> >

Jaringan Gusdurian Sebut Pemanggilan Pengunggah Guyonan Gus Dur ke Kantor Polisi Intimidasi Negara

Berita kompas tv | 18 Juni 2020, 19:06 WIB
Koordinator Nasional Jaringan Gusdurian, Alissa Qotrunnada Wahid saat mendatangi Kantor Kementerian Koordinator bidang Pembangunan Manusia dan Kebudayaan, Jalan Medan Merdeka Barat, Jakarta Pusat, Selasa (19/11/2019). (Sumber: KOMPAS.com/Deti Mega Purnamasari)

JAKARTA, KOMPASTV – Koordinator Nasional Jaringan Gusdurian, Alissa Qotrunnada Wahid menilai negara telah melakukan intimidasi terhadap Ismail Ahmad, pengunggah guyonan Presiden RI keempat Abdurrahman Wahid atau Gus Dur di Facebook.

Alissa menyatakan meski kasus unggahan “Polisi Jujur” tidak diproses lantaran Ismail bersedia meminta maaf namun pemanggilan terhadap Ismail oleh Polres Sula, Maluku Utara adalah bentuk intimidasi institusi negara terhadap warganya.

Alissa yang juga putri pertama Gus Dur ini menilai penggunaan UU Informasi dan Transaksi Elektronik sebagai instrumen untuk membungkam kebebasan berpikir dan berpendapat di Indonesia bertentangan dengan hak konstitusional dalam UUD 1945.

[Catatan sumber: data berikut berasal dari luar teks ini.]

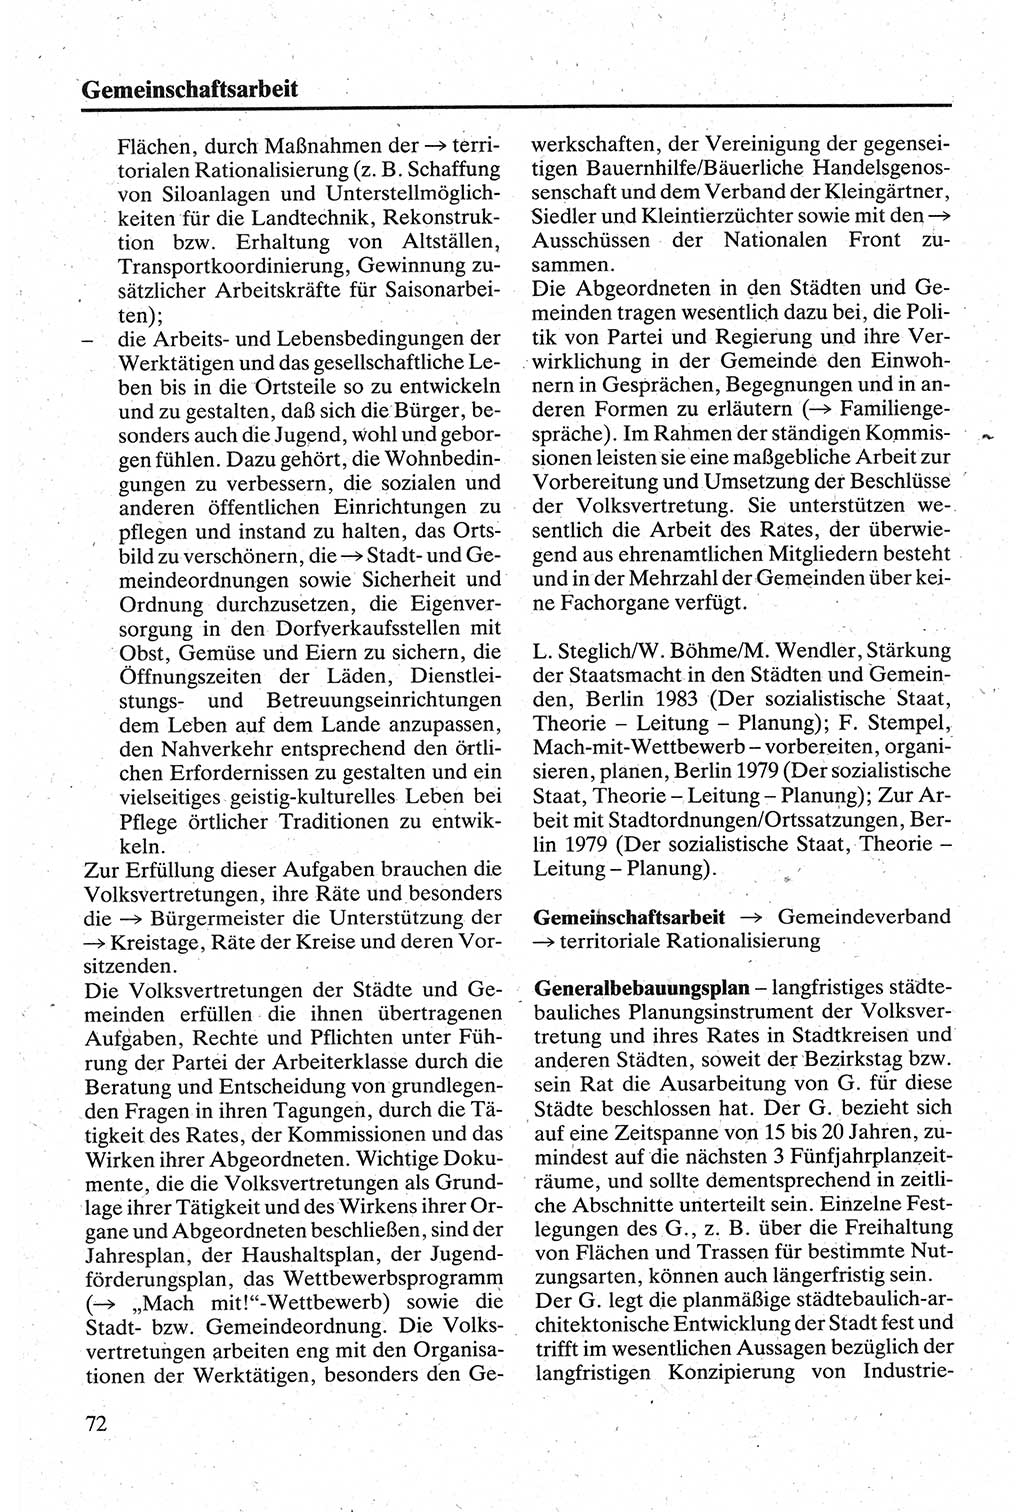 Handbuch für den Abgeordneten [Deutsche Demokratische Republik (DDR)] 1984, Seite 72 (Hb. Abg. DDR 1984, S. 72)

Baca Juga: Pengunggah Guyonan Gus Dur Diperiksa, Alissa Wahid: Indonesia Darurat Humor

Menurutnya, unggahan Ismail soal guyonan polisi jujur Gus Dur merupakan hak konstitusional  dengan cara mengekspresikan dan menyatakan pendapatnya melalui platform media sosial.

Alissa meminta aparat penegak hukum untuk tidak mengintimidasi warga negara yang mengekspresikan dan menyatakan pendapat melalui media apapun.

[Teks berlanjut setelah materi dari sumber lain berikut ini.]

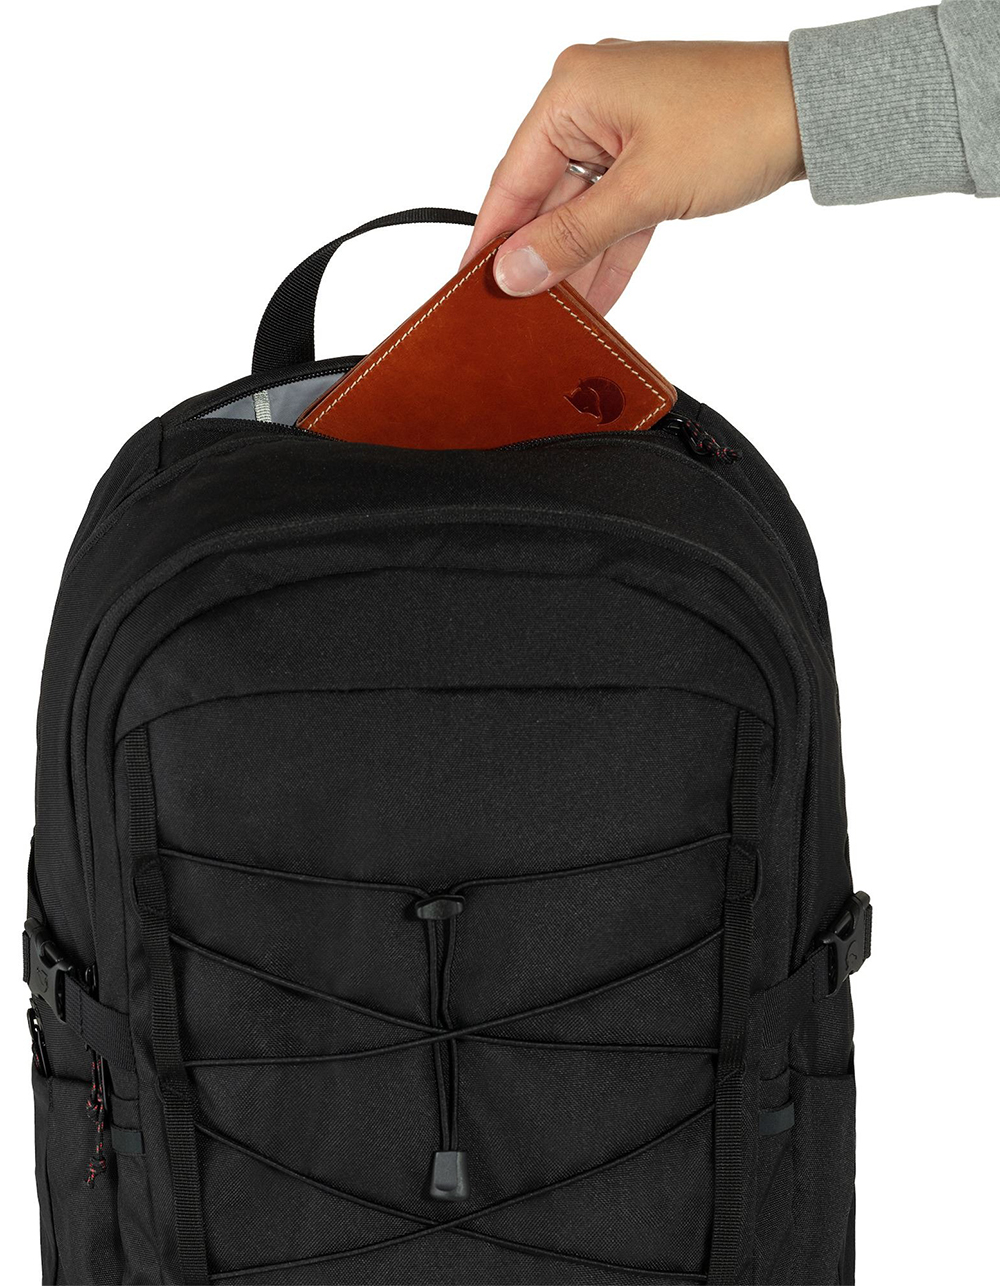 Fjallraven Skule 28 Backpack - Unisex, Day Packs

Sebab, kebebasan berekspresi dan menyatakan pendapat adalah hak konstitusional yang wajib dilindungi oleh aparat penegak hukum.

"Penggunaan Pasal 45 ayat (3) Undang-Undang Nomor 19 Tahun 2016 tidaklah tepat karena pasal pencemaran baik hanya berlaku untuk subjek perseorangan, bukan terkait dengan lembaga apalagi pemerintah," ujar Alissa dalam keterangan tertulisnya, Kamis (16/6/2020).

Baca Juga: Unggah Guyonan Gus Dur Soal Polisi, Netizen di Maluku Utara Minta Maaf

Di sisi lain, pihaknya meminta lembaga legislatif untuk mengevaluasi dan merevisi, bahkan menghapus UU ITE yang sering disalahgunakan untuk membungkam kebebasan berpendapat dan berekspresi di Indonesia.